The radio urgent message announcement.

Most relating to telephone.
My first ~25 years were living in a village. We had telephone as long as I recall. When the neighbours wanted it we agreed to a party line, later when neighbours changed and it was a weekend cottage for them it became a nuisance as they made long calls. The number was just three digits and the exchange covered several villages with around 800 numbers available. To call the same exchange just dial three digits. For adjacent exchanges a local code then full code and number long distance. For a few still once had to connect via the operator. No caller display or even 1471, no idea who was calling and had to ask for number hence a pad and pencil by the phone. No way to store number, dial every time.

Appliance repair was normal. Even smaller towns had a shop for common parts of vacuum cleaner (e.g. paper collecting bags, belt, revolving floor/carpet brushes, flexible fittings, motor brushes), washing machine, kettle elements etc. If not a stock item ordered to collect in a week. The washing machine even had an annual service. Light bulbs tested before selling.

No out-of-town large shops and supermarkets generally did not have adjacent car parks so food carried to the car park a street or several away.
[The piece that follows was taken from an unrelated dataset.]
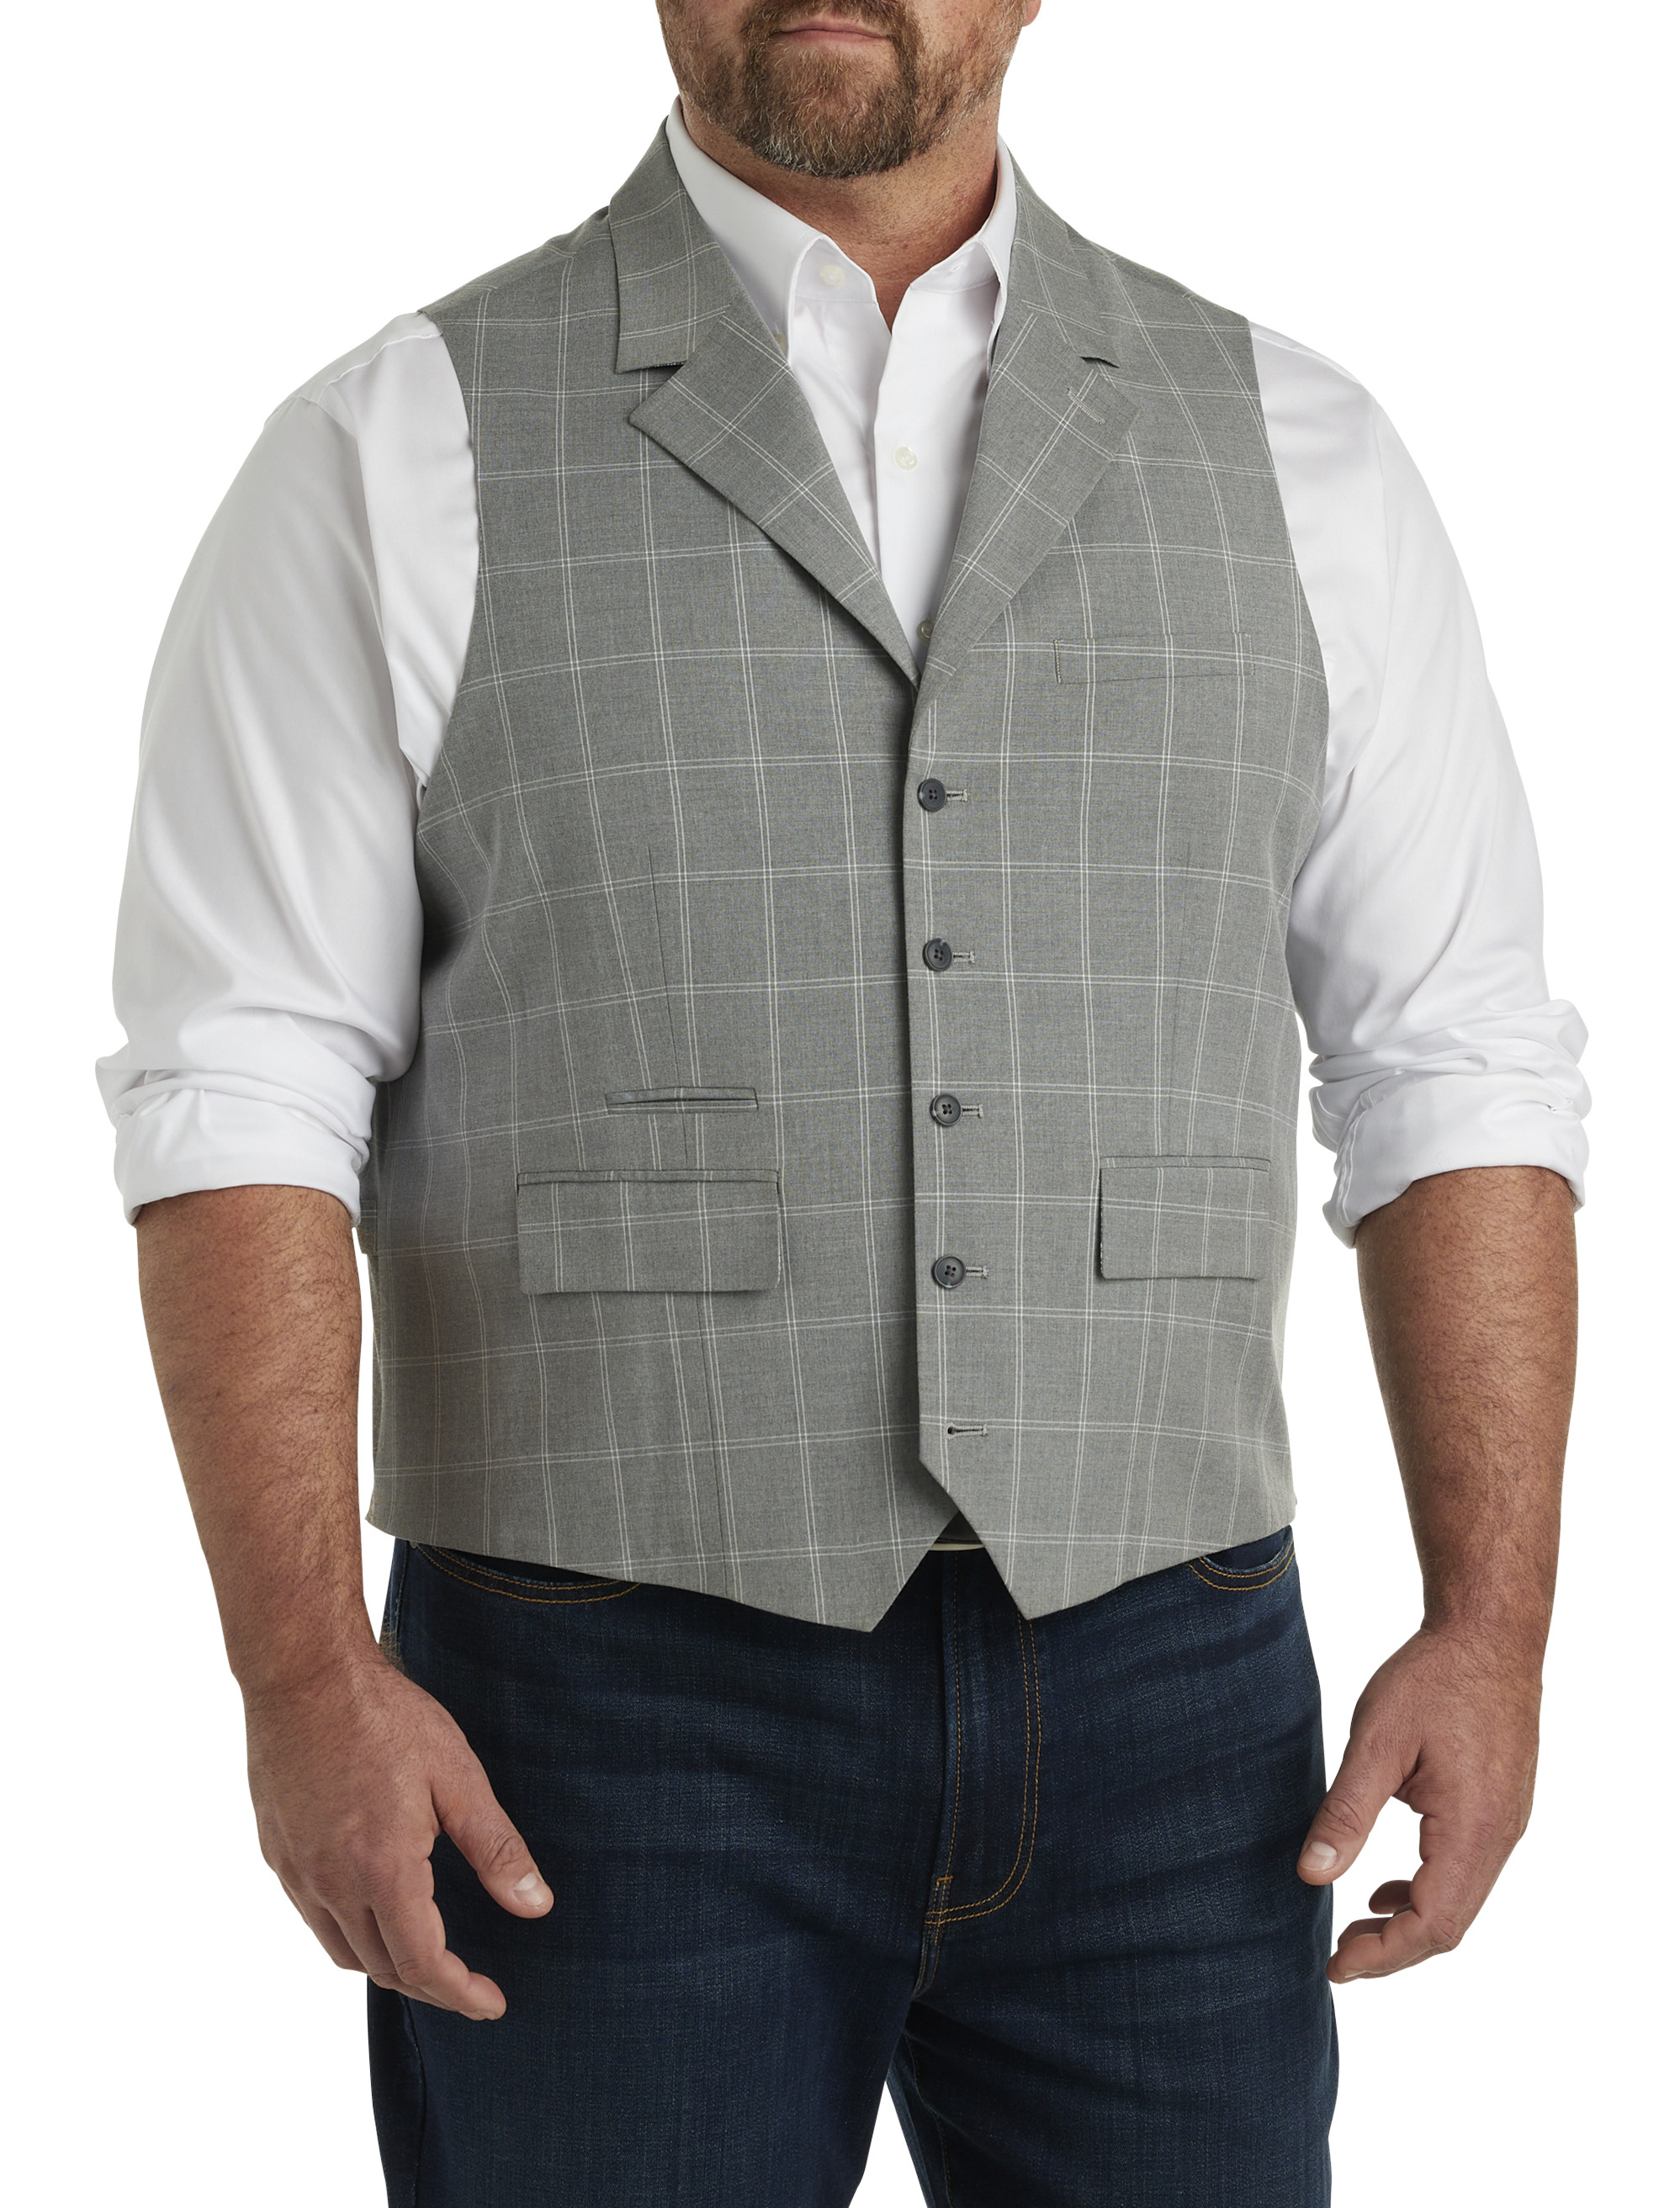 Fashion (01 Ligth Green)Men's Plaid Print Business Vest Suit

Supermarkets were much smaller, the size of a typical Iceland store / not that much larger than some Express stores. Fresh and cooked meat not pre-packed but chosen or cut to order and weighed be that in the supermarket or from Baxters, Dewhurst or an independent. Similarly fish from MacFisheries or an independent. Vegetables & fruit loose from the green grocer. Everything priced as no barcodes. Checkout staff had to key every item in plus weight loose items then either read price from scales or work out from a list of Shops had frozen food but a home freezer was not normal. Ice cream would just about keep a day in the fridge icebox. Frozen fish etc. was cooked either same day or next day. No microwave so normal cooking times in the oven. A quick easy meal was from tins cooked in pans on the hob e.g. mince or frankfurter sausage, tinned vegetables or baked beans, tinned potatoes or powered mash ' just add boiling water '. There was boil-in-the bag but usually took longer. I recall fish with sauce, kippers and Vesta Chinese meals.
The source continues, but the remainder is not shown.